Looking for a president for Lebanon in all the wrong places

Makram Rabah /The Arab Weekly

It is not uncommon for parlia­ments to fail to pass a specific bill or to even elect a president but to fail to choose a new head of state 45 times, as the Leba­nese chamber of deputies has, is perhaps a record of abysmal failure.

This deadlock might soon be bro­ken, or so it seems, and the Leba­nese parliament might achieve the required quorum to elect a presi­dent. This breakthrough was partly due to an initiative led by former prime minister Saad Hariri to bro­ker a deal with one of the two presi­dential candidates, Hezbollah’s main Christian ally, Michael Aoun.

Hariri, who heads the largest par­liamentary bloc, had made Sulei­man Frangieh his choice for the presidency, something that would have secured Frangieh’s election had the parliament actually con­vened.

While Aoun and Frangieh theo­retically belong to the same pro- Syrian-Iranian political camp, Hariri, House Speaker Nabih Berri and Druze leader Walid Jumblatt opted to support the latter who was politically more reliable and a more pleasant character to deal with than Aoun, who is famous for his anger fits and his unorthodox demean­our.

The main obstacle for the election of Aoun transcended his personal qualities. Saudi Arabia, Hariri’s main patron had implicitly vetoed Aoun viewing his election as a win for its regional nemesis, Iran.

While this anti-Iran position does not seem to have changed, much of the Hariri initiative indicates that Riyadh no longer objects to Aoun. This one-dimensional interpreta­tion might be misguided, mainly because Saudi Arabia simply no longer cares for developments in Lebanon.

This Saudi position is mainly triggered by its engagement in conflict with Iran and its allies in Yemen and Syria, which naturally takes precedence over Lebanon’s inconsequential position. Moreo­ver, Saudi indifferences primar­ily stems from its disappointment with its Lebanese allies, as Hariri has failed time and again to field a proper political front to respond to the attacks of Iran and its Lebanese subsidiary, Hezbollah, against the Saudi monarchy.

Consequently, the potential elec­tion of Aoun or any other figure might not be the way out for the Lebanese predicament but rather a continuation of chaos that started with the 2005 assassination of Saad Hariri’s father, former prime minis­ter Rafik Hariri.

In 2008, the Doha agreement gave the Lebanese political elite the required regional support to elect Michel Suleiman as president and to end a violent confrontation be­tween Hezbollah and pro-govern­ment elements.

At this important juncture, the election of Aoun, with Hariri’s backing, and without this regional consensus will not yield any posi­tive outcomes but would rather alienate

Lebanon from its regional surroundings, i.e. the Sunni envi­ronment. Berri and Jumblatt seem to be aware of this regional aban­donment and have requested that the election of a president comes within a package deal with the blessing of the regional and inter­national actors.

Aoun, and Hezbollah by exten­sion, has refused to pledge any commitments that he has publicly declared would impede the pre­rogatives of a strong president, which Aoun will certainly fill. This so-called myth of a strong presi­dent clearly disregards the fact that strong leaders within a stratified country, such as Lebanon, have to be balanced arbitrators capable of resolving many of the problems of governance rather than simply re­claiming the rights of the Lebanese Christians.
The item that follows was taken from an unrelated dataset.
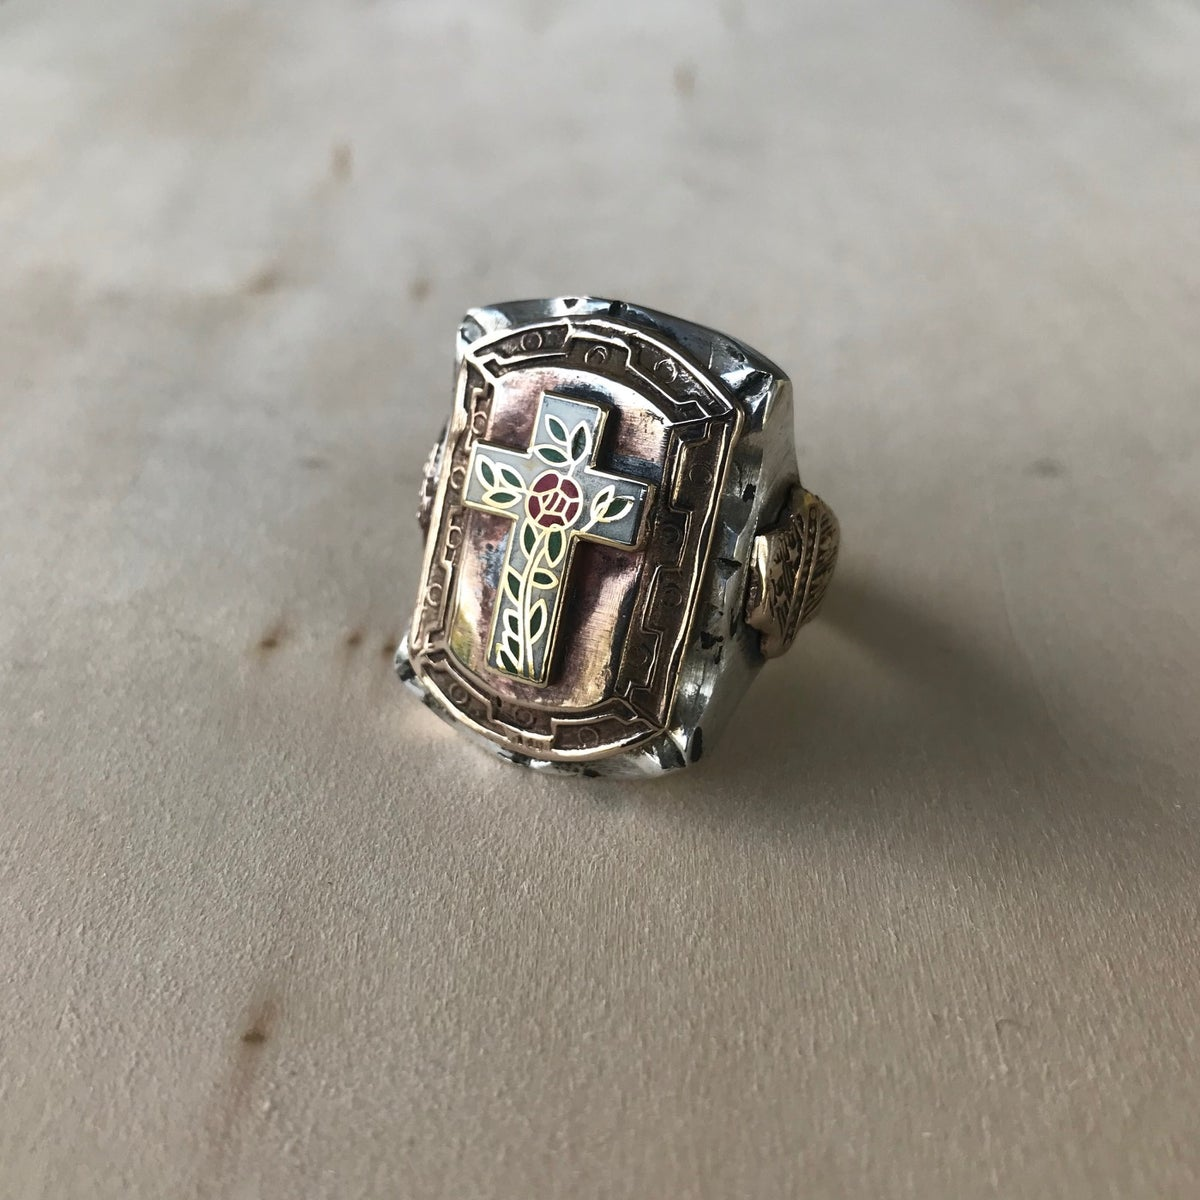 Image of ROSE CROSS RING
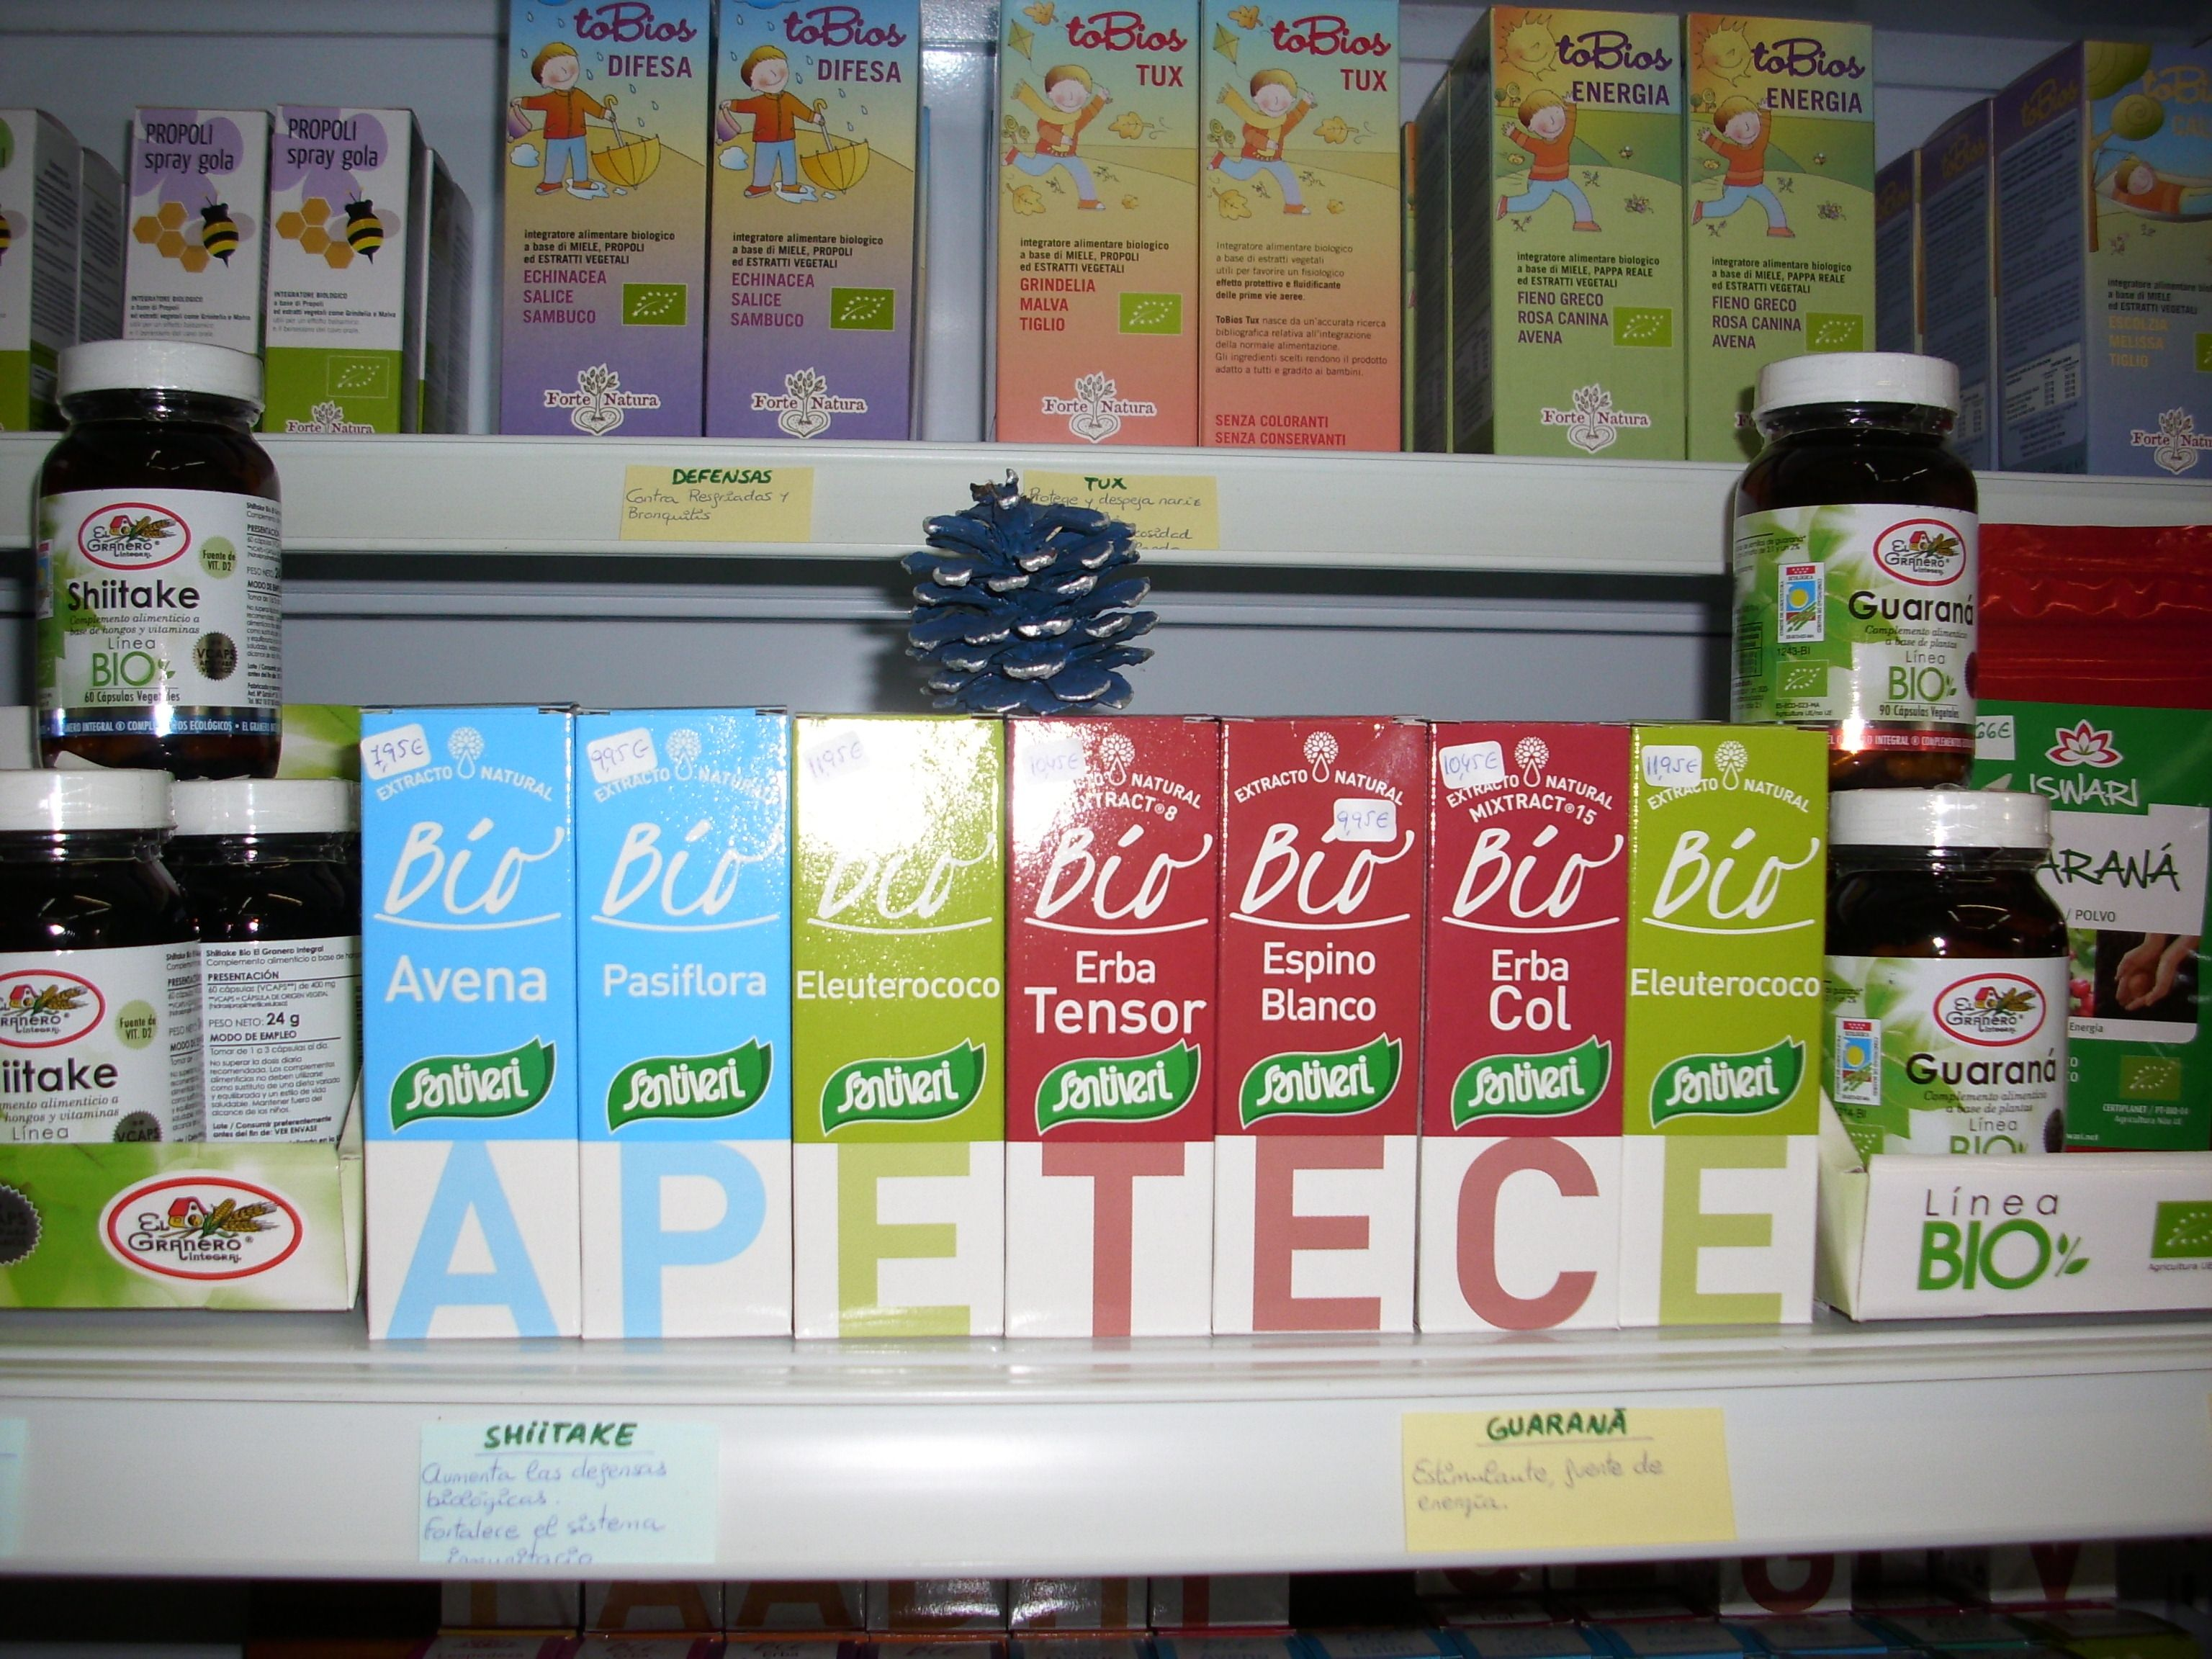 Algunos productos de Herbodietética, naturalmente Ecológicos, a vuestra disposición en APETECE ecológicos, en Camino del Pato, 16- MÁLAGA- 951-286303- Whats-app 669-765979

Aoun time and again has failed to understand the regional role that Lebanon could play, if a strategic and substantial road map is adopt­ed, both to reform the geriatric po­litical system and to more impor­tantly navigate the murky waters of the ongoing Sunni-Shia regional war.

As interim prime minister from 1988 to 1990, Aoun unwisely de­cided to ignore the global ramifi­cations of the end of the cold war and the unfolding Gulf War. Aoun’s decision to launch a suicidal war plunged the Lebanese Army under his command into a losing battle with the Syrian Army, which ended with the occupation of Lebanon.

Aoun could nevertheless prove his critics wrong if he and his en­tourage realise that the burden of responsibility requires a shedding of their populist exclusionist rheto­ric; even then it might be too little too late for the 81-year-old prospec­tive president.